“I read Christopher R. Deubert’s article, “Malpractice Case Reveals Limits of MLB Arbitration Clause” in SLA published on January 26, 2024, with great interest. I think the ultimate decision on the motion to compel arbitration comes down to whether the doctor was a club employee. That would be true under the new agreement related to the minor leagues.
In the past, club doctors were not club “employees.” They were independent contractors. Clubs do not buy medical malpractice insurance, nor can they control what the doctor does in surgery. No club employee stands in the surgery room directing the surgeon. That lack of control likely means that things have not changed.

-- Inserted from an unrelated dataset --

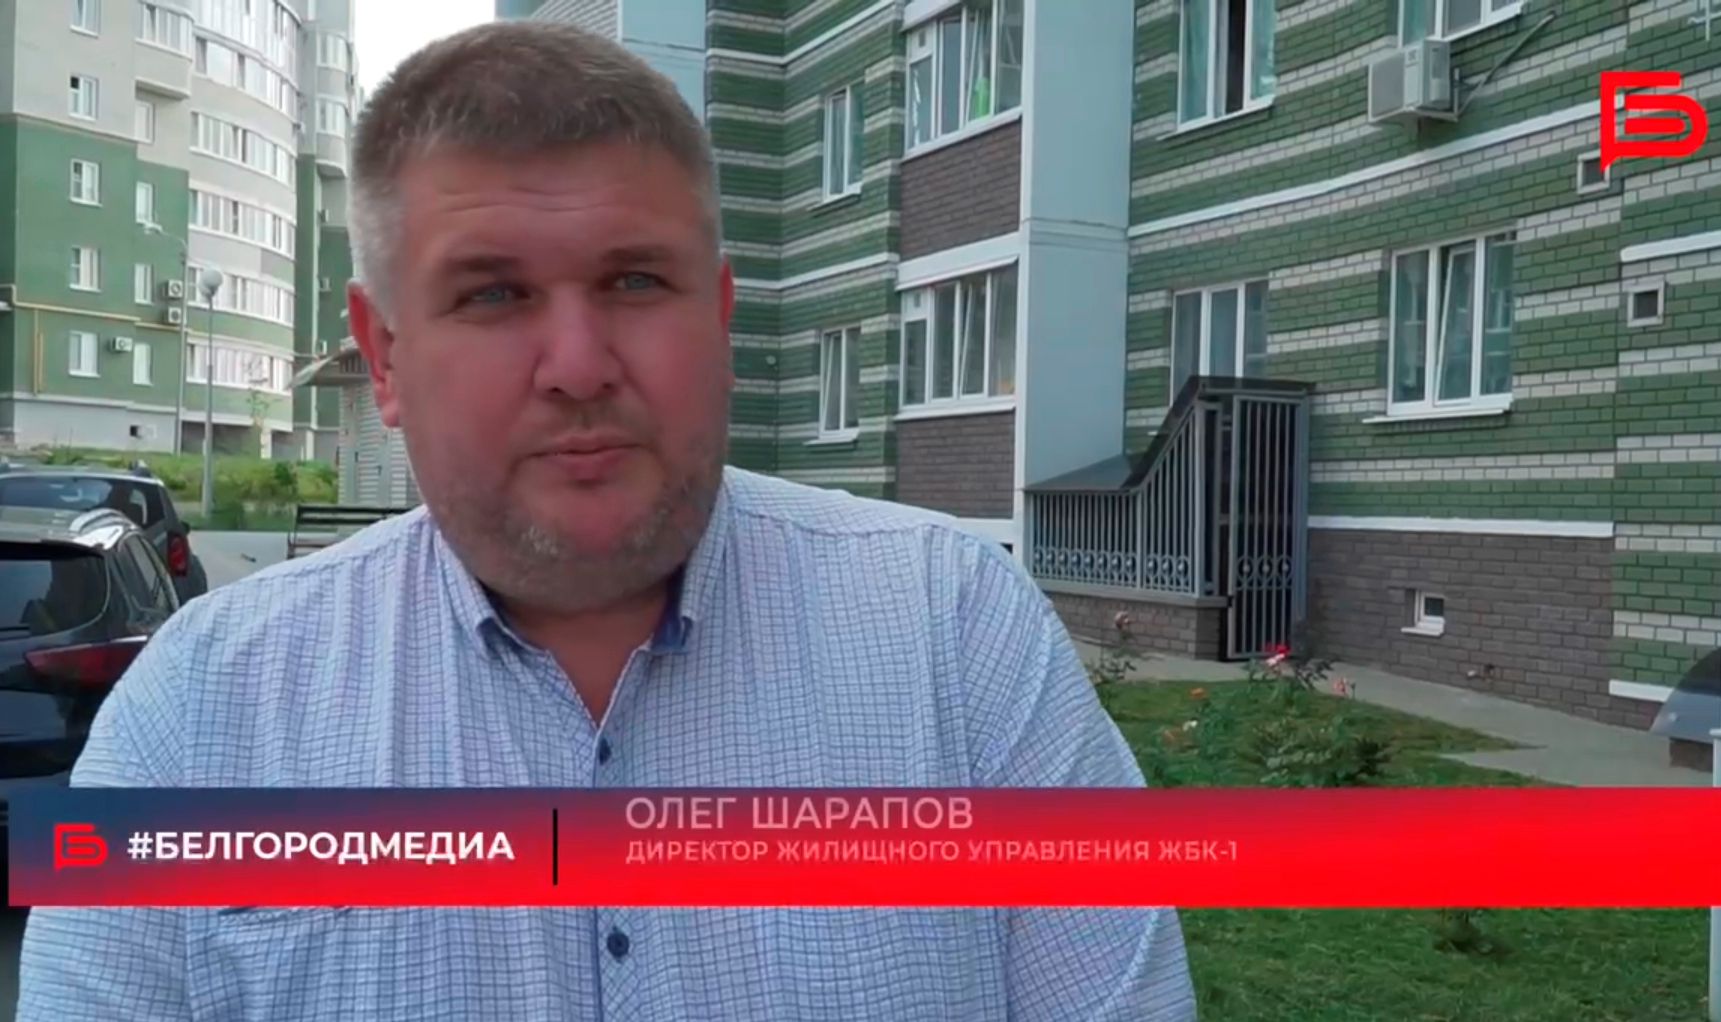 Директор "Жилищного управления ЖБК-1" Олег Шарапов рассказал как работает Управляющая компания и взаимодействует с энергоснабжающими организациями. Подробности в сюжете.

Of course, if the doctor prevails in compelling arbitration, then the doctor would do so as an employee and that would subject the club to workers compensation benefits for what the doctor did or did not do. The club would still be responsible for the underlying injury but not for the alleged botched surgery. In some states, like California, that means lifetime medical benefits and possibly lifetime compensation. That would be less than what athletes can get in a medical malpractice case, but I doubt if any club’s Workers Compensation carrier wants that liability.
Limited discovery on this issue would clear up this issue and it could be done without a waiver of either party’s right to compel or resist arbitration. If the doctor is indeed an employee, a simple W-2 from the year in question should suffice.